Папа откашлялся, Сусанночка промолчала, а Илонка так грустно и тяжко вздохнула, услышав о планах, что захотелось бедняжку хоть накормить на дорожку. Тем более, что бедняжка, кажется, и сама не была против чего-нибудь съесть. Первой учуяв запах бульона из петушка, посмотрела тоскливо в сторону кухни, глотая слюну.
— А вот как примешь, сын, так и задержимся. Гляжу, расхозяйничались вы здесь, молодежь!
Задержались гости ненадолго. Суп ополовинили (дядя Вася старался за двоих), петушка оглодали, а вот горку ватрушек умяли подчистую! Я когда последнюю булочку Илонке к чаю подсунуть захотела, ее у меня Сокол спер! Слопал, засранец, красиво у сводной на глазах, и сказал невежливо — ну все, мол, гости, вам пора. Задержались! Мне еще Анфису по программе город-кино выгулять надо.

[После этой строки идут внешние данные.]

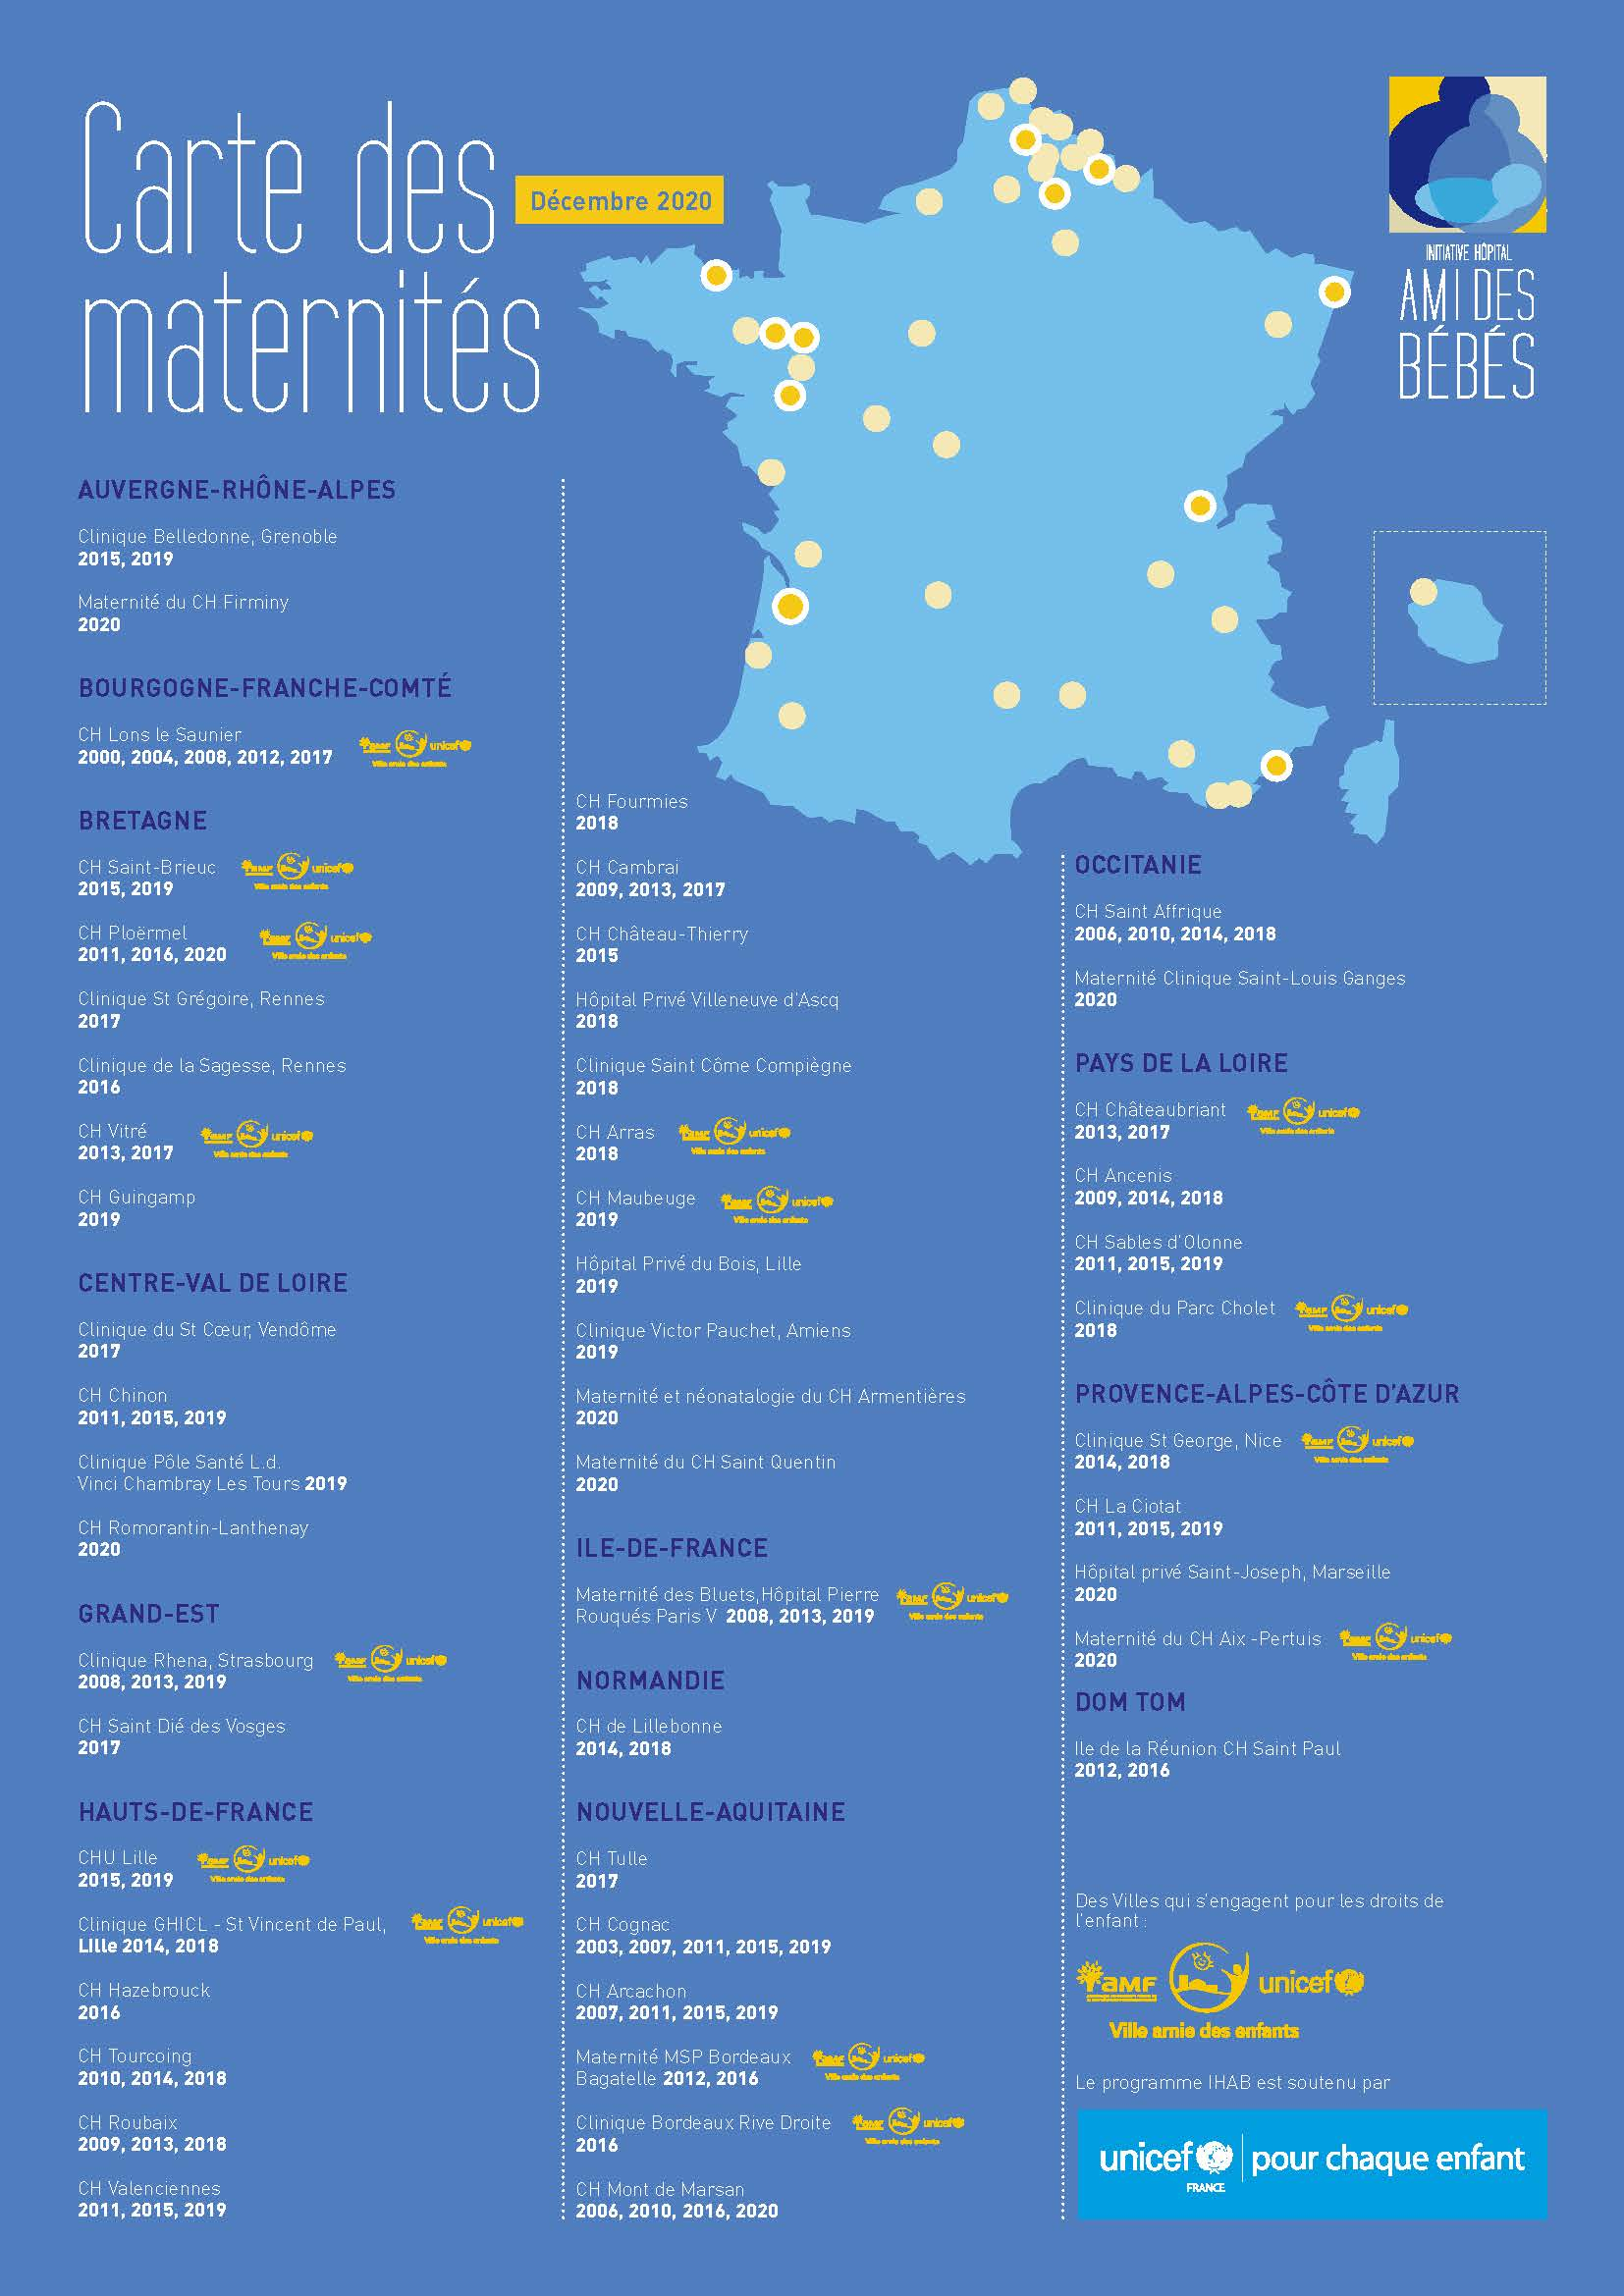 Carte des maternités IHAB 2020 dans les Hauts-de-France

Ему. Меня. В кино. Ржачь! Чуть вареньем черничным не подавилась. Так и оскалила народу синие зубы. Гы-гы! Если бы Сокольский не глянул строго, как Дракула на бестолковую нечисть, честное слово, сдала бы контору! А так снова пришлось коклюшем прикрываться.
Когда за гостями закрылась дверь, мы с Соколом дружно выдохнули. Спать хотелось ужасно, на посуду было плевать, и парень озвучил очень дельную и своевременную мысль:
— Ну что, Чиж, позицию отстояли, чемодан спустили, теперь можно и по постелям?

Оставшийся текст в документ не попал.